Even before even being inaugurated, Donald Trump faces raging internal conflict in his MAGA coalition, especially between Ramaswamy-Musk and the Trump base, who are going to war over immigration.
The nationalist base does not wish to concede to investor privilege. Ramaswamy, who made his millions as a Wall Street huckster carrying out pump-and-dump stock schemes, believes the U.S. is culturally deficient for promoting mere "normality" over academic and scientific excellence. Musk, an engineer with a talent for exploiting others, prefers to import "top" technical talent, rather than rely on the U.S. labor market. The MAGA base, for its part, wants America First to count for something, especially in employment, as there are plenty of unemployed American engineers who could use the jobs Musk awards to foreign workers.
From a worker standpoint, there is more to be said for the MAGA base side of the argument than for the Musk/Ramaswamy side, which as both Steven Bannon and Ann Coulter have pointed out, is simply a policy aimed at acquiring "indentured servants" by issuing H1B visas (while at the same time operating as a "brain drain" in the countries they come from). Many make substantial salaries (but less than U.S. workers would cost) but they are instantly deportable if they don't please their employers' every whim, a characteristic form of exploitation under capitalism, "populist" pretensions notwithstanding.
Con-man that he is, Donald Trump has already sided with his tech-bros, saying he likes the H1B visa, which gives special consideration to technically savvy immigrants. However, it is the extra control over the imported talent that matters most, not the technical know-how. All that remains to be done at this point is for the MAGA base to rationalize the kick-in-the-face as somehow consistent with Trump's "populist" essence, as they have done on similar occasions many times in the past.
The entire discussion bears on assumptions about what constitutes an American. For the Trump base, being born and raised in the image of the European founders of the republic represents Americanism in its purest form and counts for everything. For wealthy elites like Musk and Ramaswamy "excellence" is a distinctively American trait wherever it is found, and legal American visas extended to such talent are merely confirmation of that fact. Not to extend such visas in preference for a consumer culture of mediocrity is, for them, an insult to common sense and a kind of treason to the national essence.
Both groups overlook the possibility that achievement in making the U.S. less horrendously unjust may be the most praiseworthy element of the national character, and one would think we had already conceded this point by declaring Dr. Martin Luther King's birthday a national holiday.
In any event, Musk outlined his feelings about the H1B visa on X:
"The reason I'm in America along with so many critical people who built Space X, Tesla and hundreds of other companies that made America strong is because of H1B," he wrote to user Steve Mackey, who had criticized the visa. Overcome by indignation at "ungrateful" MAGA types, he lapsed into a semi-coherent rant: "Take a big step back and Fuck Yourself in the face. I will go to war on this issue the likes of which you cannot possibly comprehend." Steve Bannon, responding for the base, called Musk a "toddler."

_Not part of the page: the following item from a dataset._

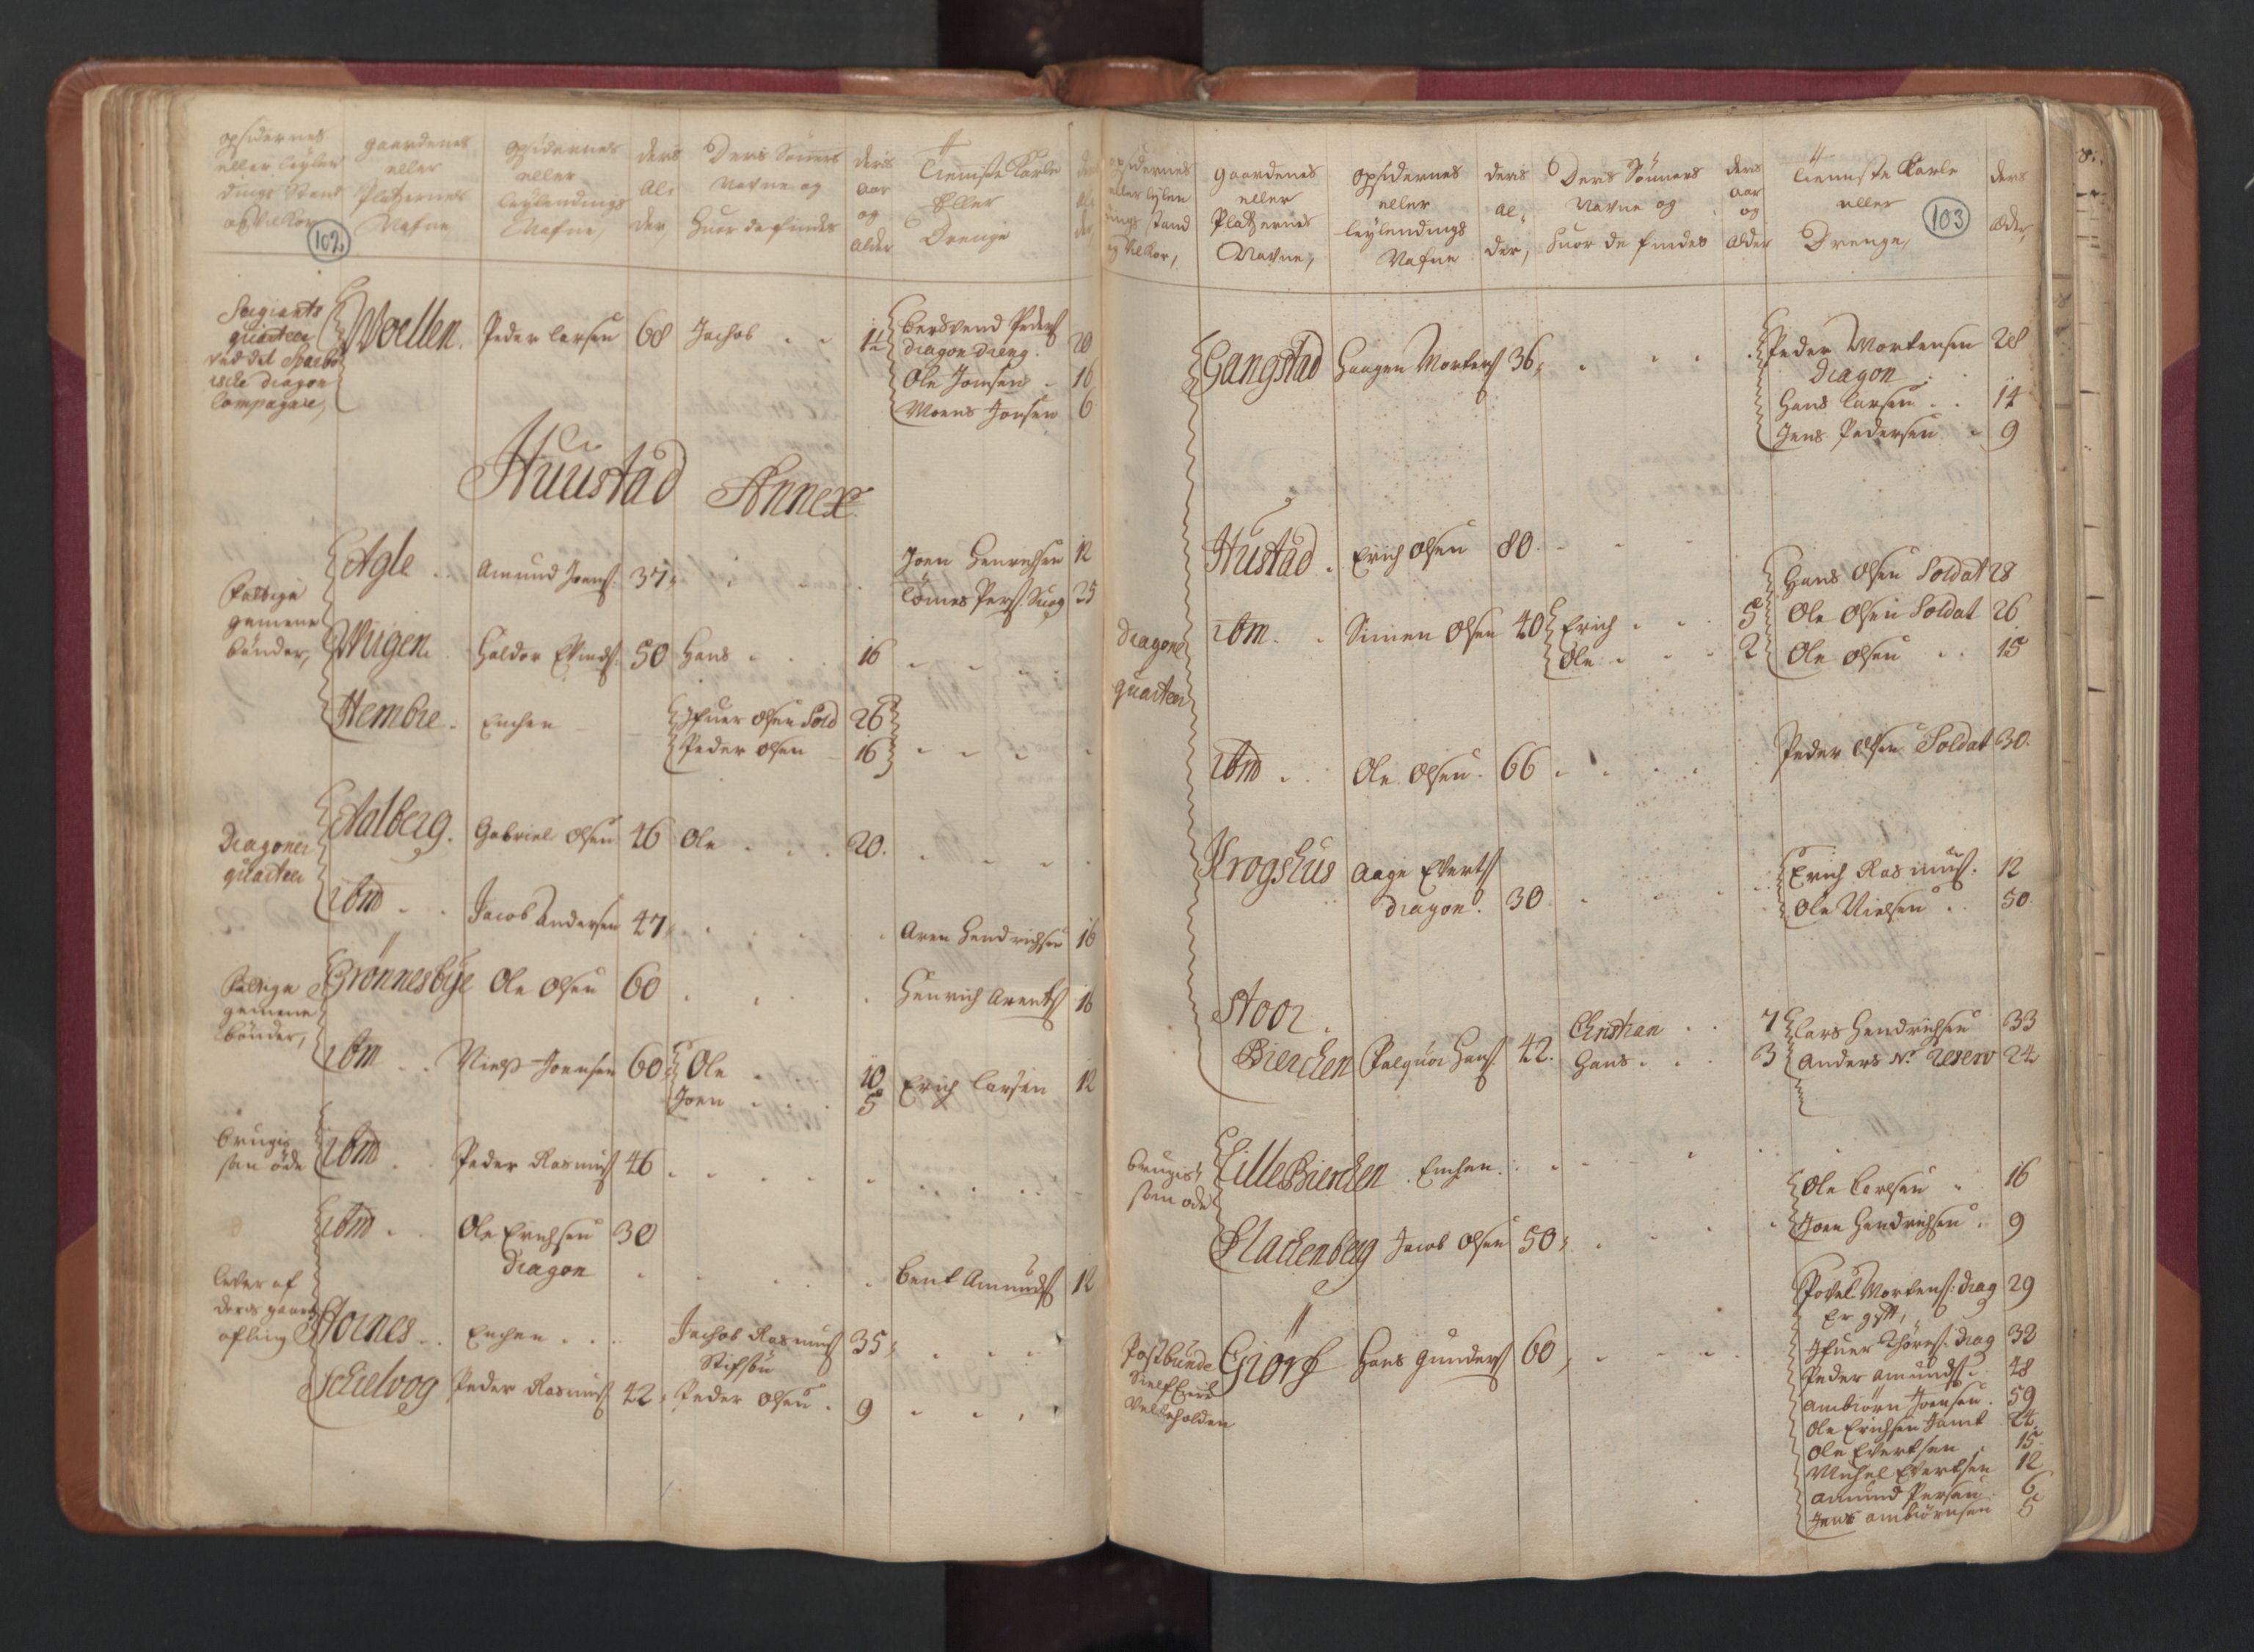 RA, Manntallet 1701, nr. 15: Inderøy fogderi og Namdal fogderi, 1701, s. 102-103

Ramaswamy was more composed, incongruously calling for a culture of excellence from his extra-constitutional DOGE position granted him by the proudly ignorant Trump, world famous for being the quintessential "ugly American":
"Trump's election hopefully marks the beginning of a new golden era in America," he implausibly announced, "but only if our culture fully wakes up. A culture that once again prioritizes achievement over normalcy; excellence over mediocrity, hard work over laziness."
He neglected to mention that Trump's "excellence" is in repeatedly taking companies into bankruptcy for his own benefit, and fomenting sectarian warfare with an unflagging barrage of mental diarrhea that inflames ugly passions and pushes us towards a second Civil War.
If he is to be the measure of our national greatness, he should change his slogan to, "Make America Rubble Again."